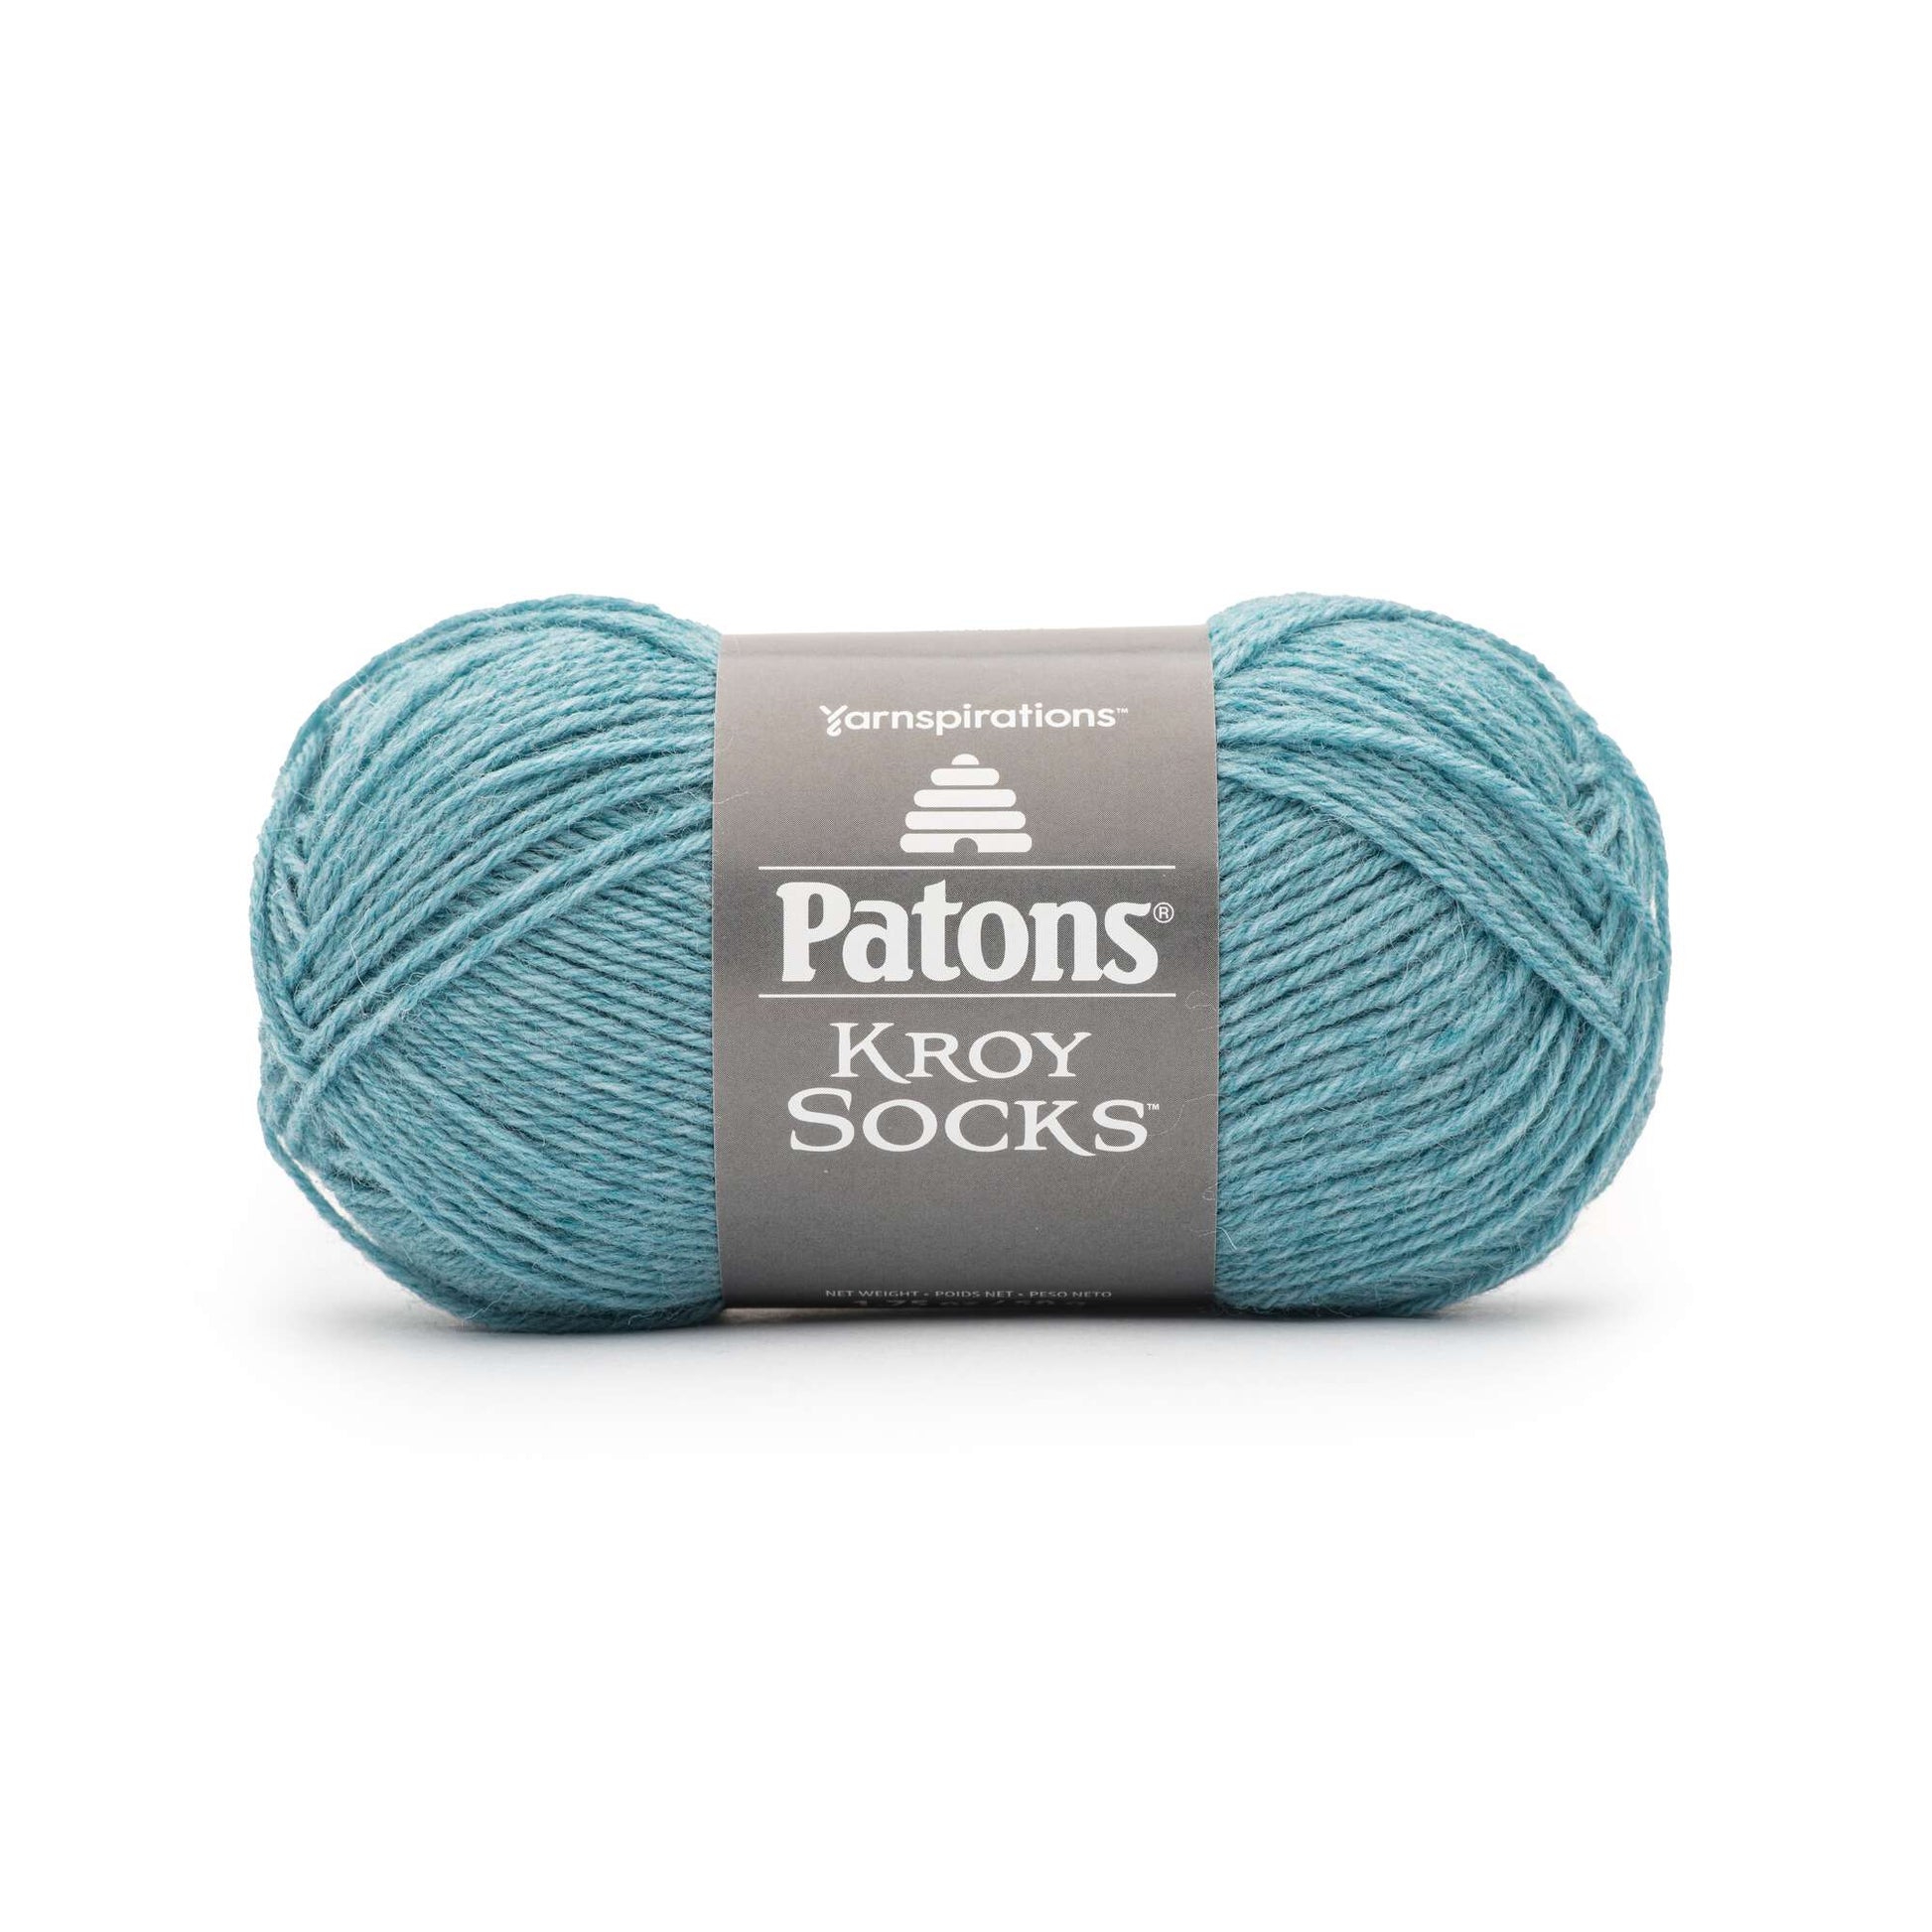 Patons Kroy Socks Yarn Salt Water
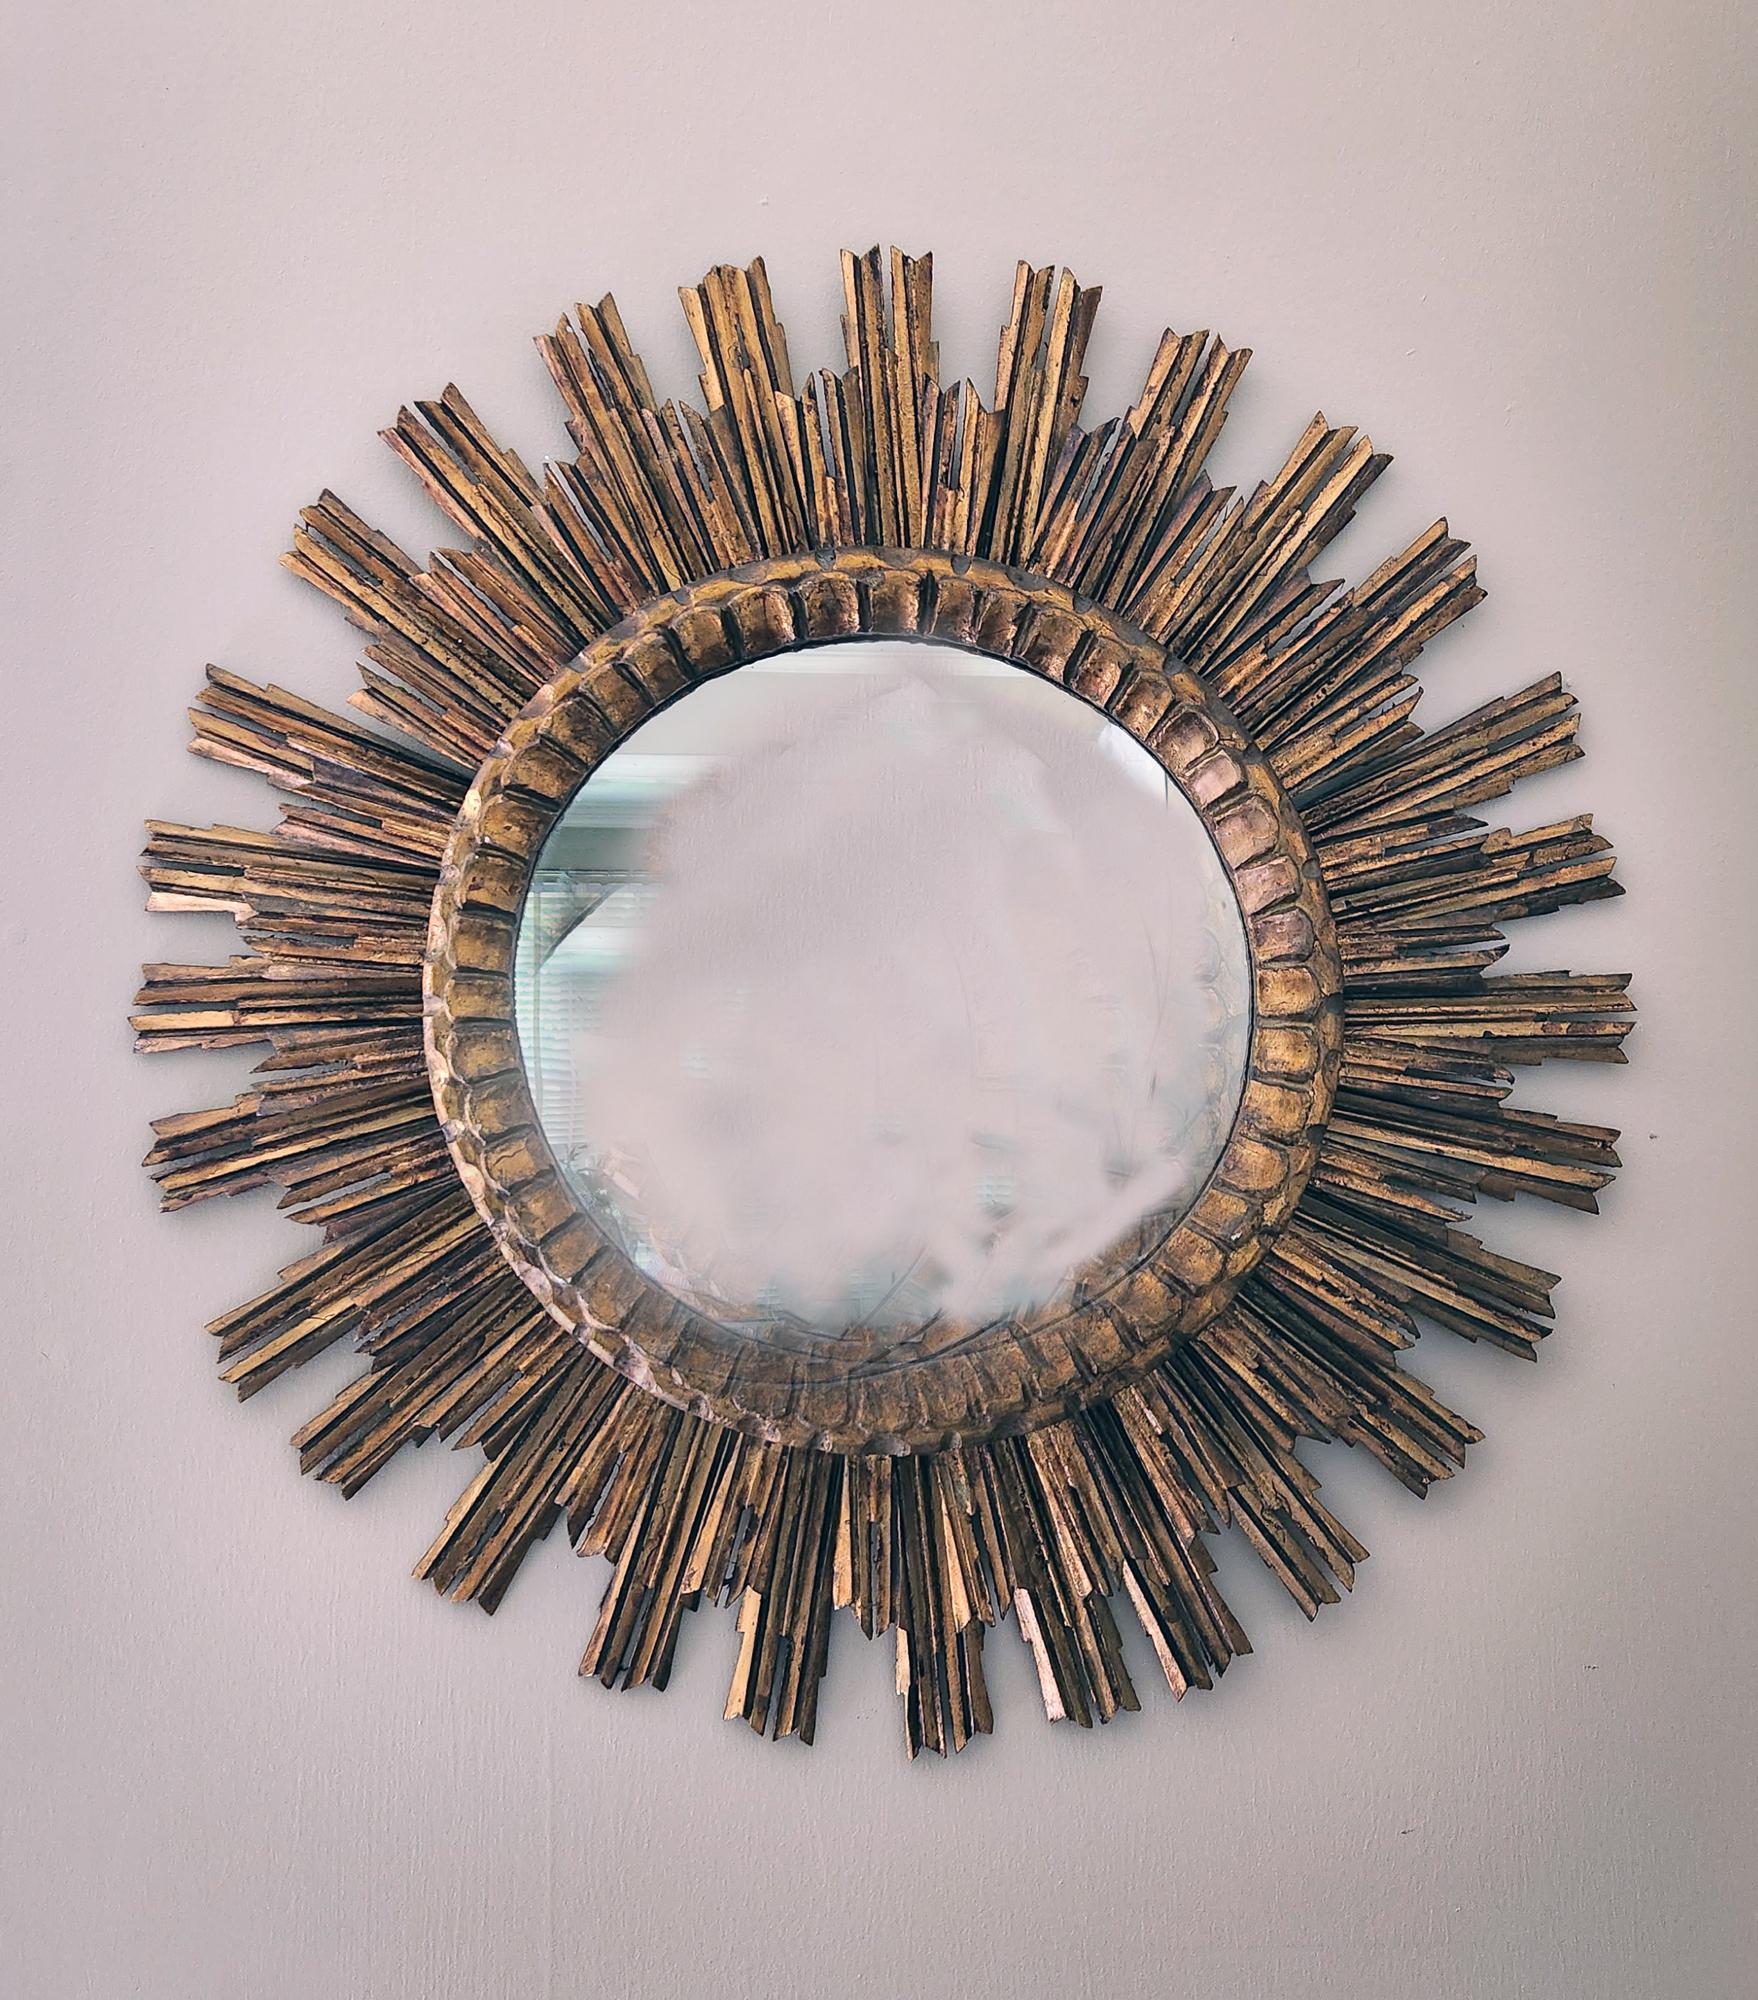 Vintage Sunburst Circular Giltwood Mirror,
Spanisch,
1940s

Ein runder Spiegel im spanischen Barockstil mit einer doppelten Einfassung aus geformten Sonnenstrahlen mit sich überlappenden, strahlenden Blättern, die sorgfältig um den zentralen Spiegel
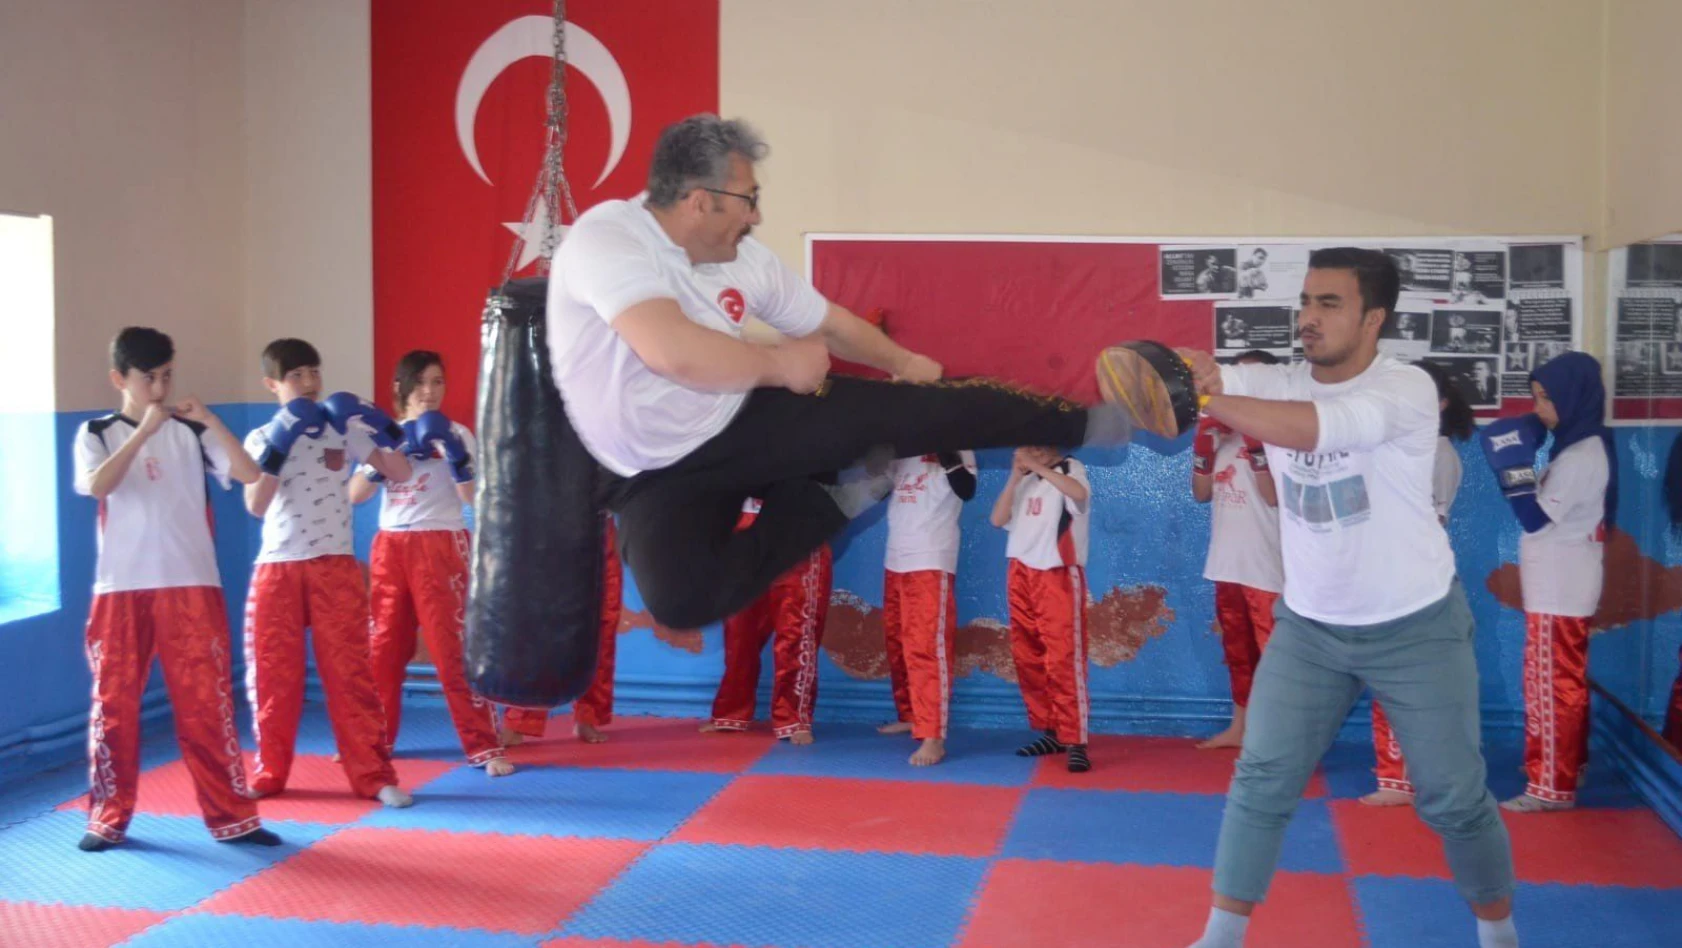 Develi'den Wushu Türkiye Şampiyonasına 3 sporcu katılacak

> EXERCISE AIM:
Skip the pictures, then retype every line above exactly.

> RESPONSE TO THE EXERCISE:
 Patons Kroy Socks Yarn Salt Water
 Vintage Sunburst Circular Giltwood Mirror,
Spanisch,
1940s

Ein runder Spiegel im spanischen Barockstil mit einer doppelten Einfassung aus geformten Sonnenstrahlen mit sich überlappenden, strahlenden Blättern, die sorgfältig um den zentralen Spiegel
 Develi'den Wushu Türkiye Şampiyonasına 3 sporcu katılacak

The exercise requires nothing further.